No matter a person’s talents or resources, they can always help in some way, he said.
“Some people can help others to go, some can provide supplies, and I’ve been given the ability to do something like this, an opportunity to share God’s love,” he said. “I think we have a moral and a Christian duty to help others in need.”
Rather than cart in more supplies and try to do medical care on his own, Brown said this time he would most likely connect up with a clinic that is already running and help there.
He has also been asked to help design a medical clinic that can be built modularly, so services can be expanded upon while still offering care.
They will build a front room to help people with immediate needs, such as cuts and infections, and while that is still running, add on an operating room, an obstetrics section and a recovery room.

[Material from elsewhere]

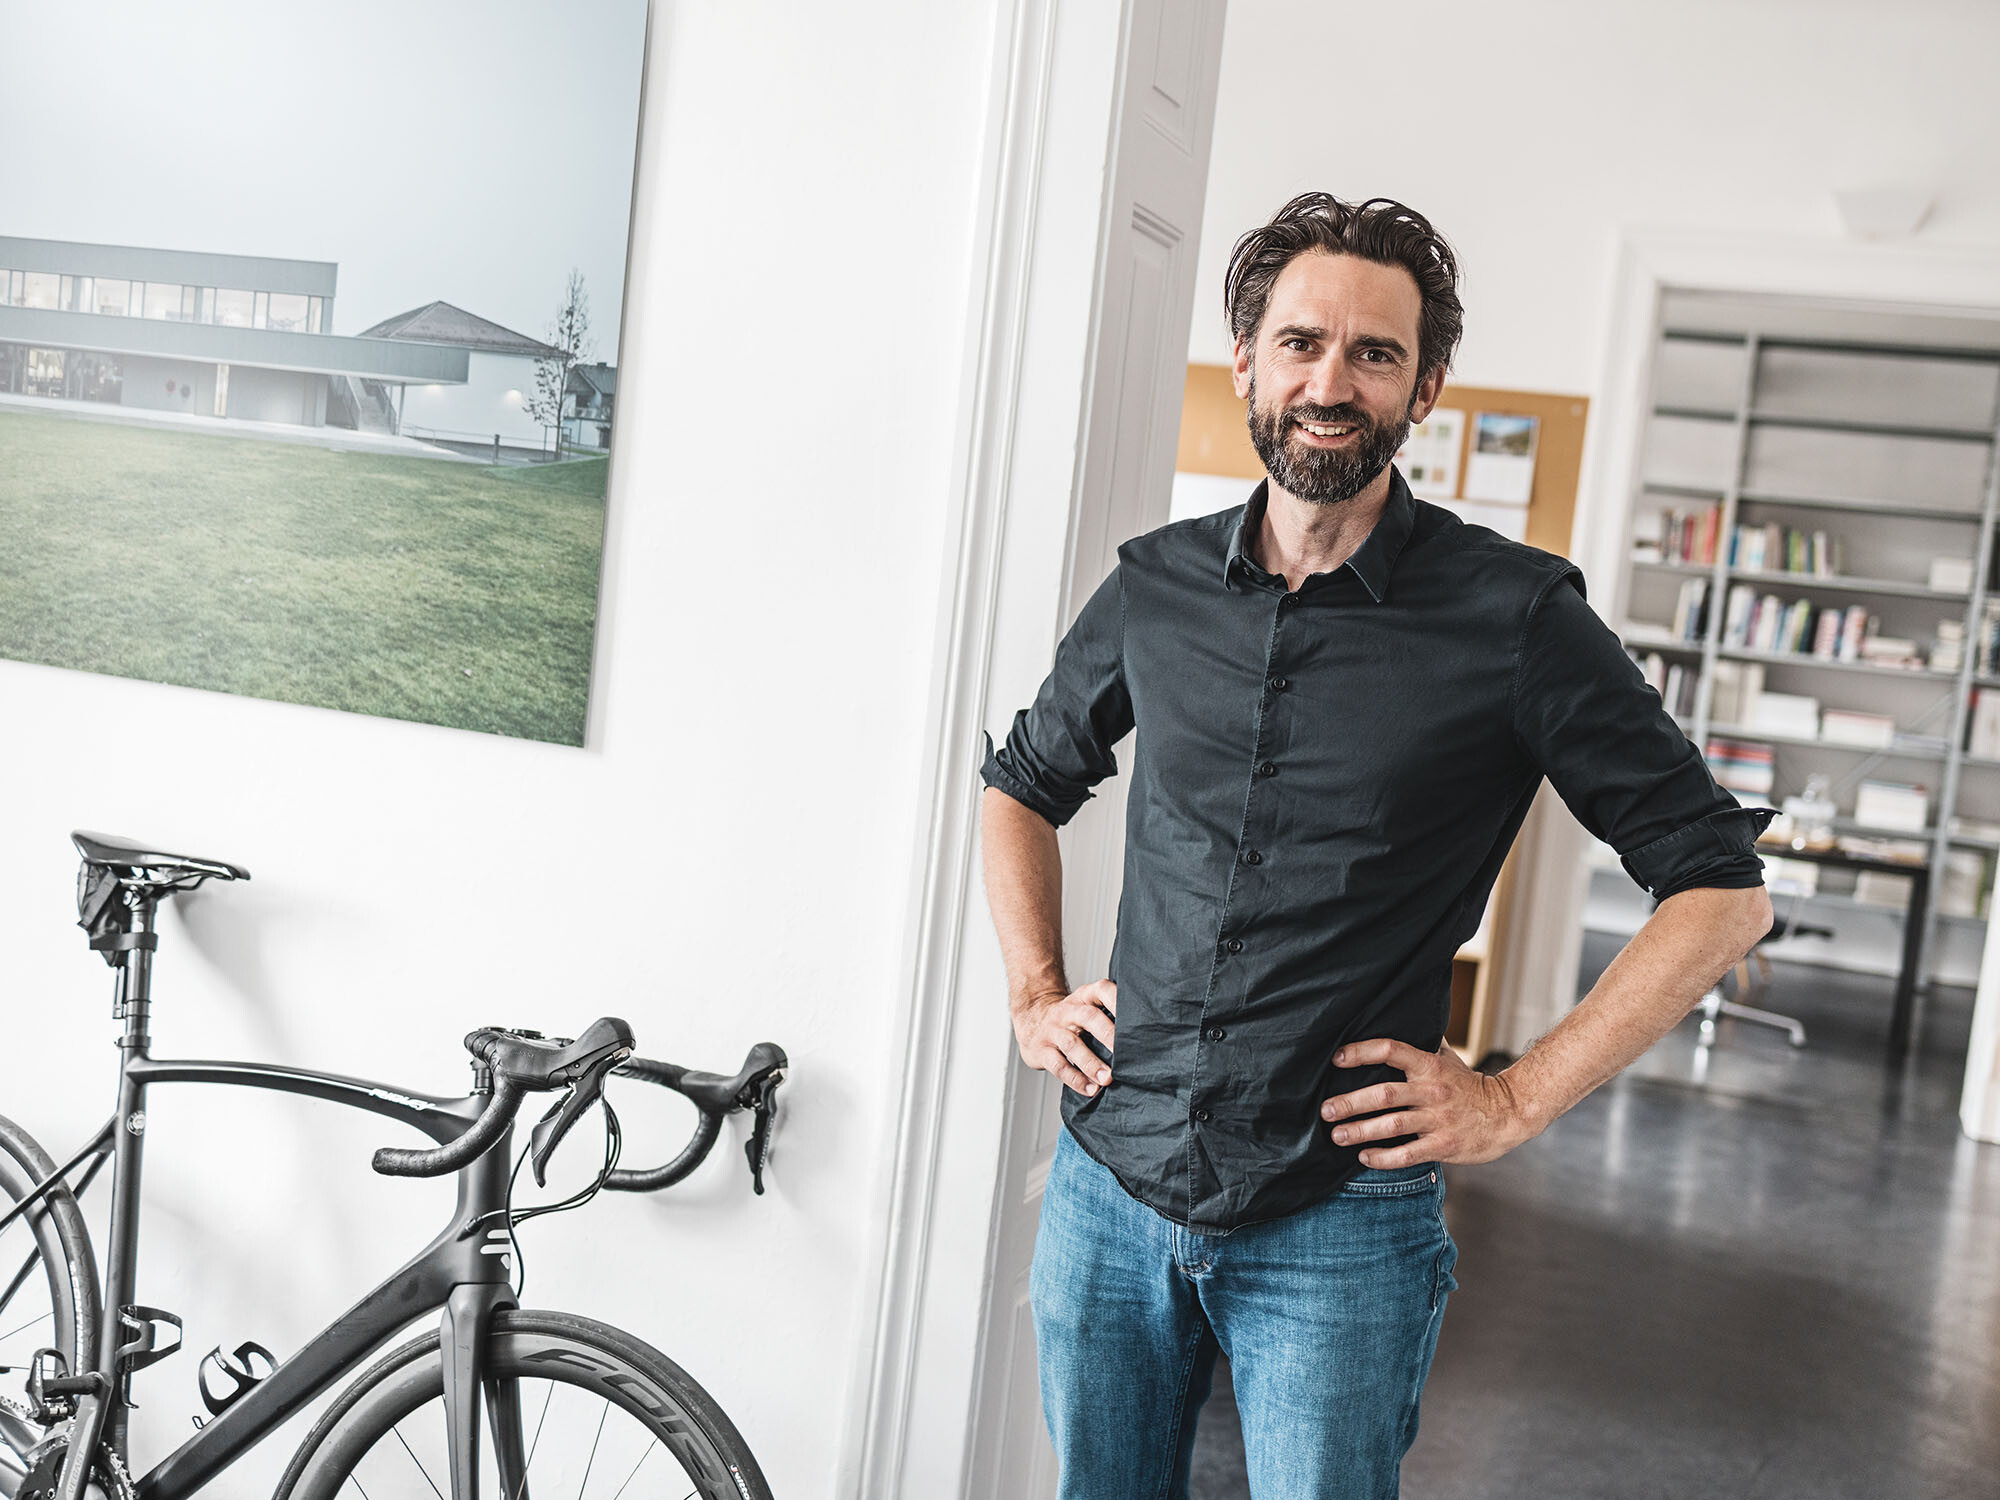 Ritratto dell'architetto Thomas Heil; alle sue spalle un ufficio, mentre accanto a lui vi è una bicicletta appoggiata alla parete.

Brown’s giving spirit extends to people in Washington County as well.
He and Montag opened the clinic in Jonesborough because Telford and the areas between Johnson City and Greeneville tend to be medically underserved.
The clinic will be open early and late, to accomodate before-school and after-work visits, and soon will be able to provide all mandatory childhood vaccines, something that would normally require traveling out of the area, Brown said.
Brown lives in Colonial Heights with his wife, Michelle. They have two children in college, Chris and Laura.